── Data to examine
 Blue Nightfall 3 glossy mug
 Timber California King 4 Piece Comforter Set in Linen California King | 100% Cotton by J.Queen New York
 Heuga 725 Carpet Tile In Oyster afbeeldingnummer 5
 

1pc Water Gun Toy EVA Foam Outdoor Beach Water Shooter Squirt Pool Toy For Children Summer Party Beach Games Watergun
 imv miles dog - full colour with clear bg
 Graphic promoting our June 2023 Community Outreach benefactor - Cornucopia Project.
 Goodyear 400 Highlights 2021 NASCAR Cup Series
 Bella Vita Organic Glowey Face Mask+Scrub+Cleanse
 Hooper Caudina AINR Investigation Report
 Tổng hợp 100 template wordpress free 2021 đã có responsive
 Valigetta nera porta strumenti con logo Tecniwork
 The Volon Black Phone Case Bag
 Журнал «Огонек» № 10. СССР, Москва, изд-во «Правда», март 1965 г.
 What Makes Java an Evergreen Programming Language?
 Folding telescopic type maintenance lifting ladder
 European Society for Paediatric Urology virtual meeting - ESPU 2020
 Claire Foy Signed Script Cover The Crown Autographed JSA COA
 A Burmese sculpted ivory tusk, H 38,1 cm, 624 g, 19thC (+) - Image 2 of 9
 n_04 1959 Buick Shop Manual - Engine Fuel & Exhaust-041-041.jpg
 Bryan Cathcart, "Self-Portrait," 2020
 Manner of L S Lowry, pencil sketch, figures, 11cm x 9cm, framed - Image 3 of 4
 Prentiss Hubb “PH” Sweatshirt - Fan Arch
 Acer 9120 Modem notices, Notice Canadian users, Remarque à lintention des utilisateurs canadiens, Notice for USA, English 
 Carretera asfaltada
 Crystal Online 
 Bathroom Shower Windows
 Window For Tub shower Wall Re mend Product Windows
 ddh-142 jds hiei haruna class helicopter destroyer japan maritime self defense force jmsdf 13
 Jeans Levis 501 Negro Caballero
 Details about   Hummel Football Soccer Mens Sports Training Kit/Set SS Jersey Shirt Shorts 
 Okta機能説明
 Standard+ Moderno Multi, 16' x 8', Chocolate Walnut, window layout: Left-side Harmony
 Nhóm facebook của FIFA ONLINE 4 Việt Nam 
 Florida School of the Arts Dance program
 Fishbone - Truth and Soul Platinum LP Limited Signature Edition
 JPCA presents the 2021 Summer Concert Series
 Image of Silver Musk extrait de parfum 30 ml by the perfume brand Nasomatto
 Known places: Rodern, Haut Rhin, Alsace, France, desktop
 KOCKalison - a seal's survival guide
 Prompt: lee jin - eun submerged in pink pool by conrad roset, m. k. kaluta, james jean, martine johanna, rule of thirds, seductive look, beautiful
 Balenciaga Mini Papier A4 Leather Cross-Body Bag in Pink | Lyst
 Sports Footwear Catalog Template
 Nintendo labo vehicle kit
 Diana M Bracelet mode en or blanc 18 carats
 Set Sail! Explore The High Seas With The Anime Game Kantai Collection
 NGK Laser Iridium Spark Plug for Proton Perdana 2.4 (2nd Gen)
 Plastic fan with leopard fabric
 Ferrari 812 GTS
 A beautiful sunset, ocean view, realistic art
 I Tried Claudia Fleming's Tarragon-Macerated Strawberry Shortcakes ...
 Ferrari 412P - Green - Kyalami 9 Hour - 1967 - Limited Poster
────
[Exercise goal]: Retype all of the data shown above, word for word.

[Answer]:
 Blue Nightfall 3 glossy mug
 Timber California King 4 Piece Comforter Set in Linen California King | 100% Cotton by J.Queen New York
 Heuga 725 Carpet Tile In Oyster afbeeldingnummer 5
 

1pc Water Gun Toy EVA Foam Outdoor Beach Water Shooter Squirt Pool Toy For Children Summer Party Beach Games Watergun
 imv miles dog - full colour with clear bg
 Graphic promoting our June 2023 Community Outreach benefactor - Cornucopia Project.
 Goodyear 400 Highlights 2021 NASCAR Cup Series
 Bella Vita Organic Glowey Face Mask+Scrub+Cleanse
 Hooper Caudina AINR Investigation Report
 Tổng hợp 100 template wordpress free 2021 đã có responsive
 Valigetta nera porta strumenti con logo Tecniwork
 The Volon Black Phone Case Bag
 Журнал «Огонек» № 10. СССР, Москва, изд-во «Правда», март 1965 г.
 What Makes Java an Evergreen Programming Language?
 Folding telescopic type maintenance lifting ladder
 European Society for Paediatric Urology virtual meeting - ESPU 2020
 Claire Foy Signed Script Cover The Crown Autographed JSA COA
 A Burmese sculpted ivory tusk, H 38,1 cm, 624 g, 19thC (+) - Image 2 of 9
 n_04 1959 Buick Shop Manual - Engine Fuel & Exhaust-041-041.jpg
 Bryan Cathcart, "Self-Portrait," 2020
 Manner of L S Lowry, pencil sketch, figures, 11cm x 9cm, framed - Image 3 of 4
 Prentiss Hubb “PH” Sweatshirt - Fan Arch
 Acer 9120 Modem notices, Notice Canadian users, Remarque à lintention des utilisateurs canadiens, Notice for USA, English 
 Carretera asfaltada
 Crystal Online 
 Bathroom Shower Windows
 Window For Tub shower Wall Re mend Product Windows
 ddh-142 jds hiei haruna class helicopter destroyer japan maritime self defense force jmsdf 13
 Jeans Levis 501 Negro Caballero
 Details about   Hummel Football Soccer Mens Sports Training Kit/Set SS Jersey Shirt Shorts 
 Okta機能説明
 Standard+ Moderno Multi, 16' x 8', Chocolate Walnut, window layout: Left-side Harmony
 Nhóm facebook của FIFA ONLINE 4 Việt Nam 
 Florida School of the Arts Dance program
 Fishbone - Truth and Soul Platinum LP Limited Signature Edition
 JPCA presents the 2021 Summer Concert Series
 Image of Silver Musk extrait de parfum 30 ml by the perfume brand Nasomatto
 Known places: Rodern, Haut Rhin, Alsace, France, desktop
 KOCKalison - a seal's survival guide
 Prompt: lee jin - eun submerged in pink pool by conrad roset, m. k. kaluta, james jean, martine johanna, rule of thirds, seductive look, beautiful
 Balenciaga Mini Papier A4 Leather Cross-Body Bag in Pink | Lyst
 Sports Footwear Catalog Template
 Nintendo labo vehicle kit
 Diana M Bracelet mode en or blanc 18 carats
 Set Sail! Explore The High Seas With The Anime Game Kantai Collection
 NGK Laser Iridium Spark Plug for Proton Perdana 2.4 (2nd Gen)
 Plastic fan with leopard fabric
 Ferrari 812 GTS
 A beautiful sunset, ocean view, realistic art
 I Tried Claudia Fleming's Tarragon-Macerated Strawberry Shortcakes ...
 Ferrari 412P - Green - Kyalami 9 Hour - 1967 - Limited Poster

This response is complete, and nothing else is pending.